In particular, it is my understanding that if the domain is .mydomain.com, then mydomain.com, www.mydomain.com, or whatEver.mydomain.com, cookies could be set for each, and available for each, right?

 

If path was /, cookies will be sent for mydomain.com, mydomain.com/bla, and mydomain.com/bla/bla.
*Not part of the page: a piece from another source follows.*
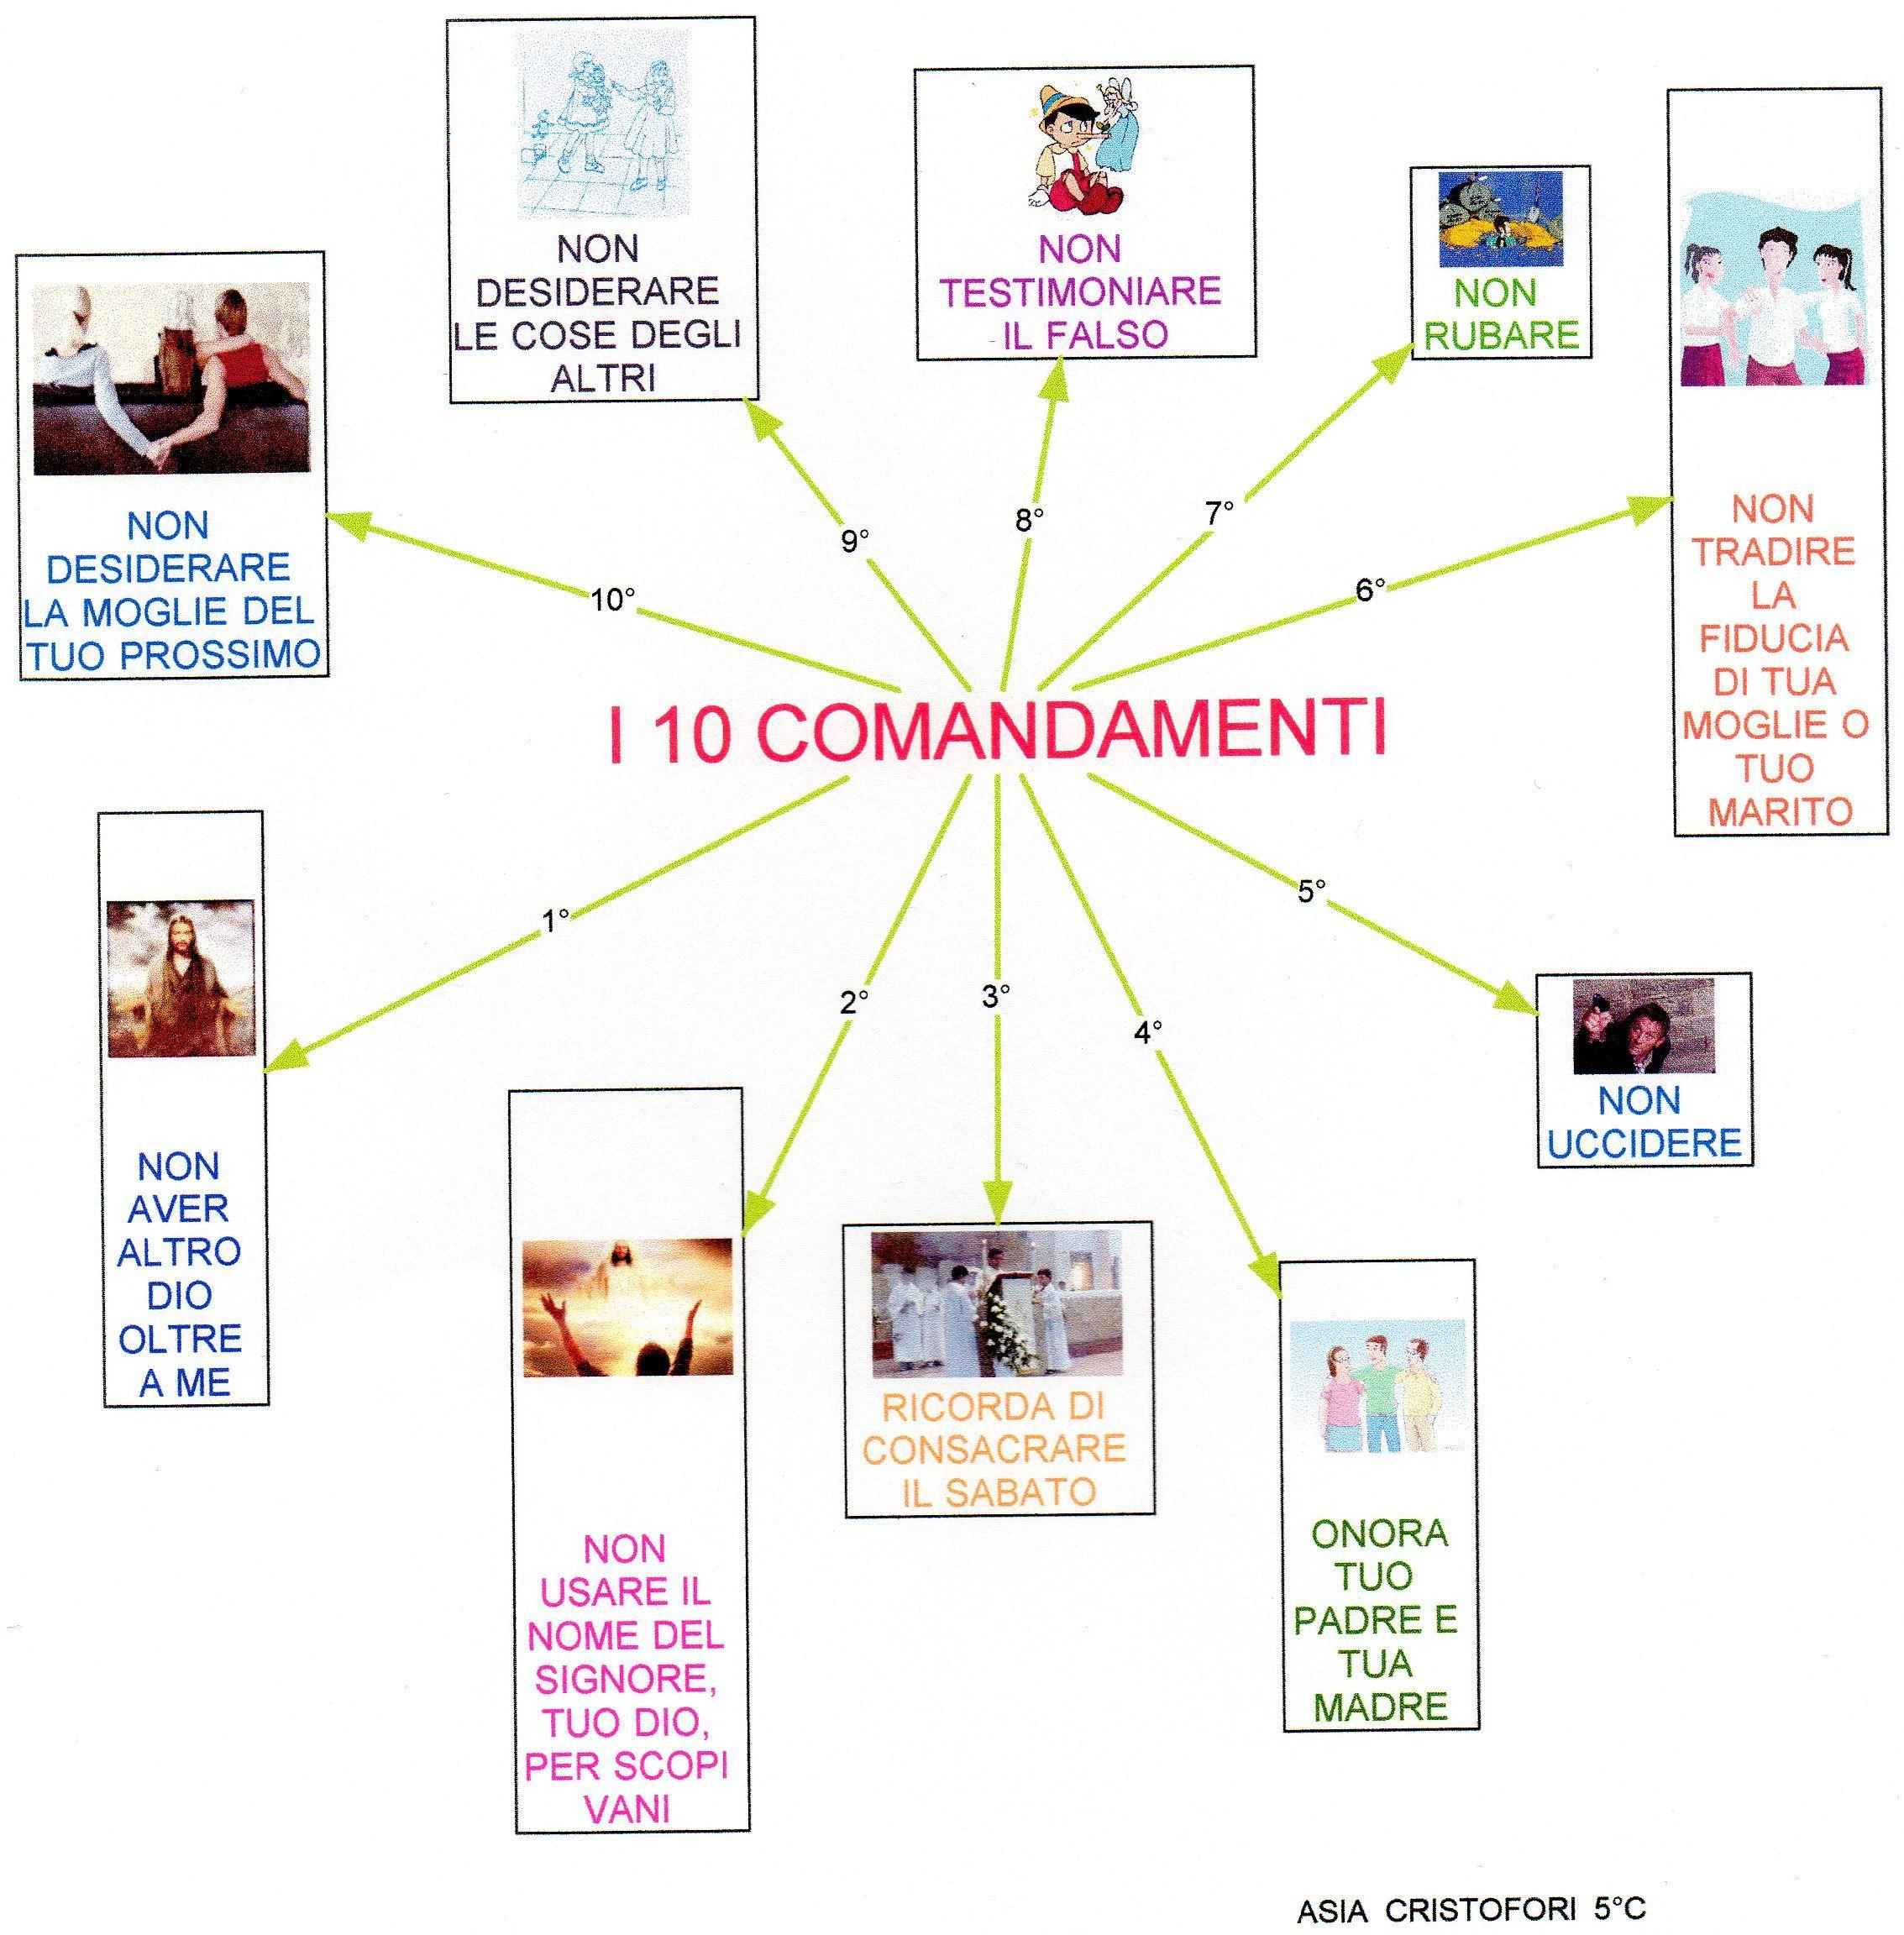 Mappa religione dieci comandamenti italiano pinterest - Tavole dei dieci comandamenti ...

If path was /bla, cookies will be not be sent for mydomain.com, but will be sent for mydomain.com and mydomain.com/bla/bla.

 

Also, what would be the impact if Apache rewrote bla.mydomain.com to mydomain.com/bla?

 

Please feel free to provide any other insight on this topic.

 

Thank you

Link to comment
Share on other sites

Cookies are domain restricted, could be a host or subdomain.

 

http://tools.ietf.org/html/rfc6265

 

*A Set-Cookie from request-host y.x.foo.com for Domain=.foo.com
     would be rejected, because H is y.x and contains a dot.

 

* A Set-Cookie from request-host x.foo.com for Domain=.foo.com would
     be accepted.

 

* A Set-Cookie with Domain=.com or Domain=.com., will always be
     rejected, because there is no embedded dot.

 

* A Set-Cookie with Domain=ajax.com will be rejected because the
     value for Domain does not begin with a dot.

 

Is a trick to add a cookie multiple domains.

On site1.com add this.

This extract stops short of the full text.